Joey’s seemingly oblivious to my reaction to Gage and leans in and gives me a kiss on my cheek. “Hey, sweetheart. How’s my favorite girl?”

“What are you doing here?” I look over to Kat who’s laughing with one of Joey’s friends, unaware of my surprise to all of them being here.

“Kat told me you guys were coming here and we decided to come and join you. Thank God I got here when I did. The dudes here were circling you two like sharks.” Joey pulls me closer when the next song starts to pick up pace and begins dancing to the music, unaware of the fact that I haven’t stopped looking at Gage.

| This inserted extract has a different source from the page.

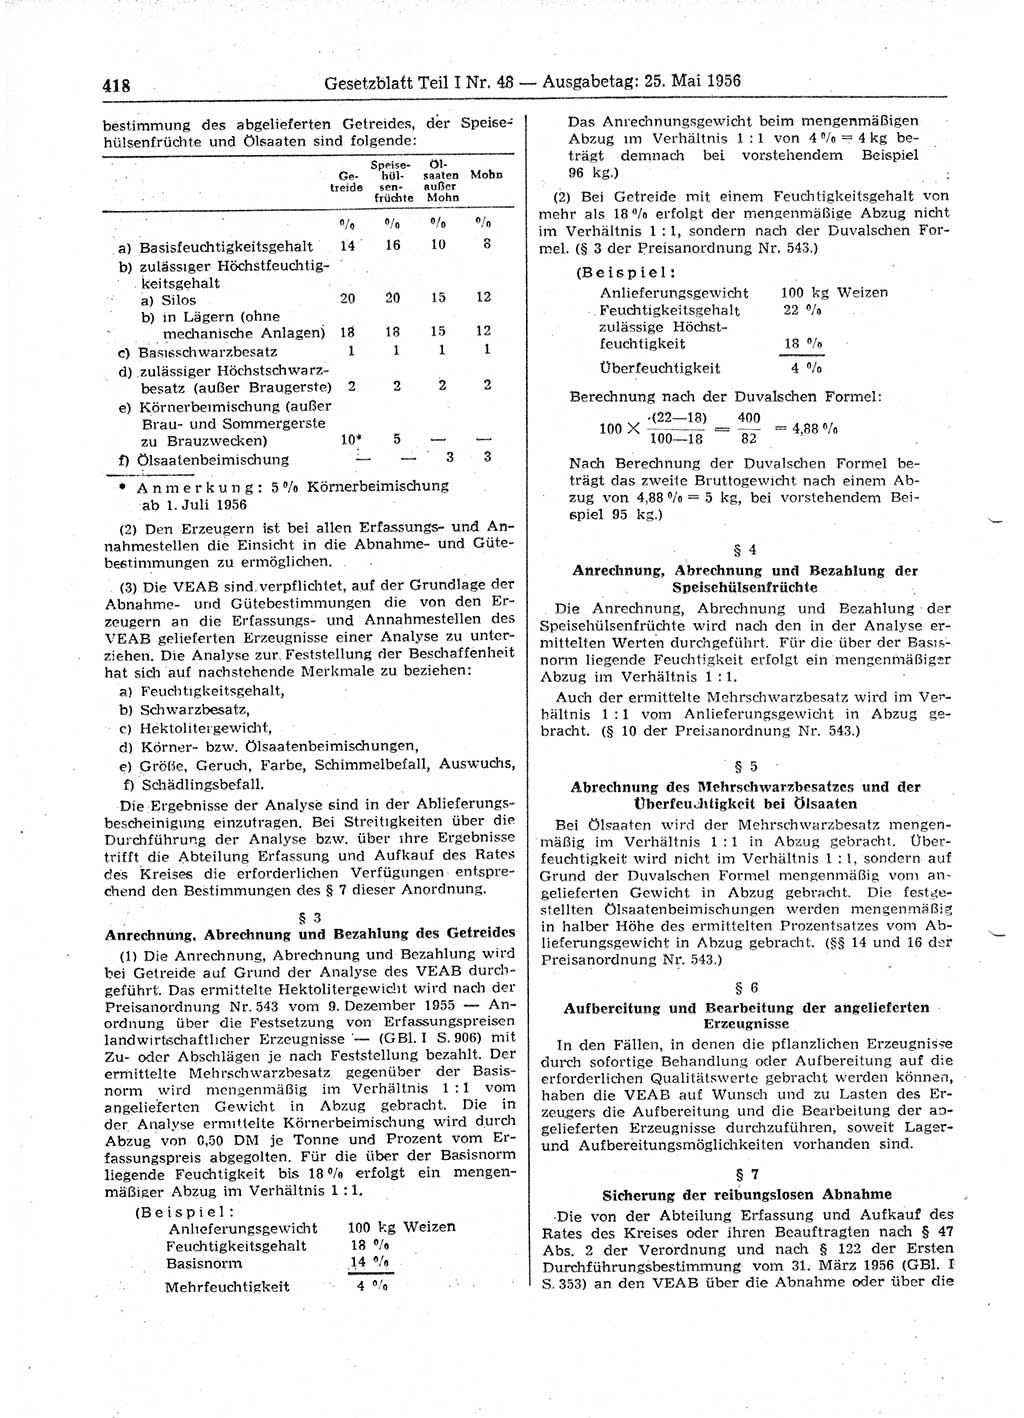 Gesetzblatt (GBl.) der Deutschen Demokratischen Republik (DDR) Teil Ⅰ 1956, Seite 418 (GBl. DDR Ⅰ 1956, S. 418)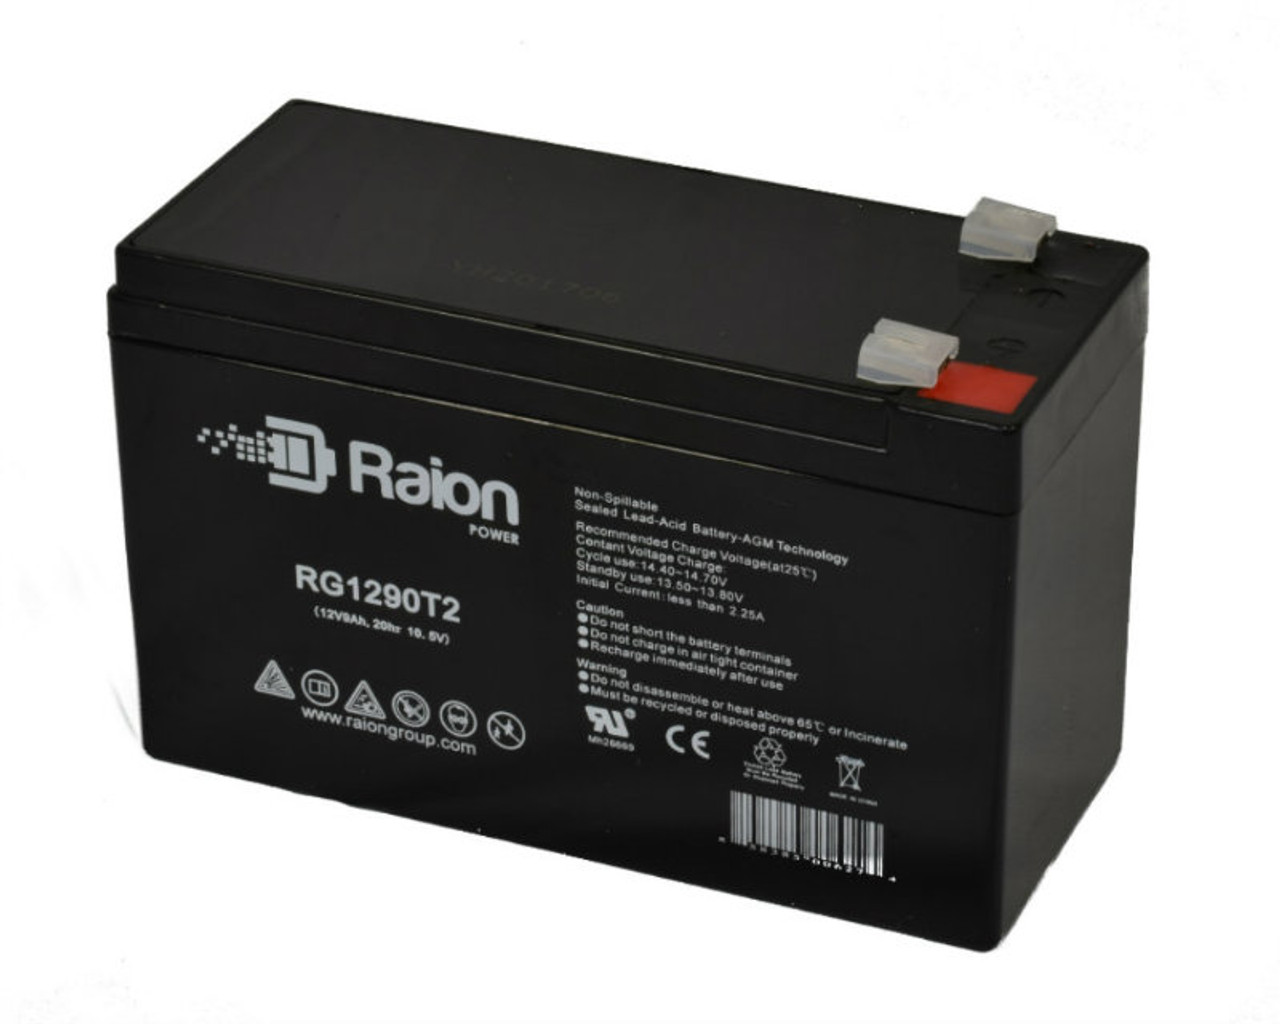 Raion Power RG1290T2 12V 9Ah AGM Battery for Best Battery SLA1290

When Gage turns away and walks to the bar with one of Joey’s friend’s, I can’t ignore the flutter of jealousy I get when a group of girls approach them and begin flirting shamelessly. One is laughing and leaning into Gage, drawing her hand down his chest, and the fluttering butterflies are now having a fierce battle inside me. I try to put my attention back on Joey and remember that it doesn’t matter what Gage does, but I just can’t seem to keep my eyes off of him. When the song ends and the music changes to something new again, I watch Gage approach us, and see a smile appear at the corner of his mouth like he knows the thoughts that have been going through my mind. I’m surprised when he taps Joey on the shoulder. “I’m going to have to cut in now.” He doesn’t ask Joey, he tells him, and for some reason that makes my insides burn with desire.

He places his hand on the small of my back sweeping the bare skin that’s peeking out and all I can do is pray he doesn’t notice the way my knees almost buckle. “A Sky Full of Stars” by Coldplay begins playing and he takes my hand in his, pulling it to his chest, causing me to sling my arm around his waist in response. As the beat picks up, he moves his body in perfect rhythm to the song making me wonder if everything he does feels as good as his body against mine does. He looks down at me singing along with a giant smile and I smile back in return. This is the most at ease we’ve ever been together, and I like it. I don’t know if I’ve ever seen him give a full dimpled smile like he is at me right now, and it’s doing things to me that I can’t explain.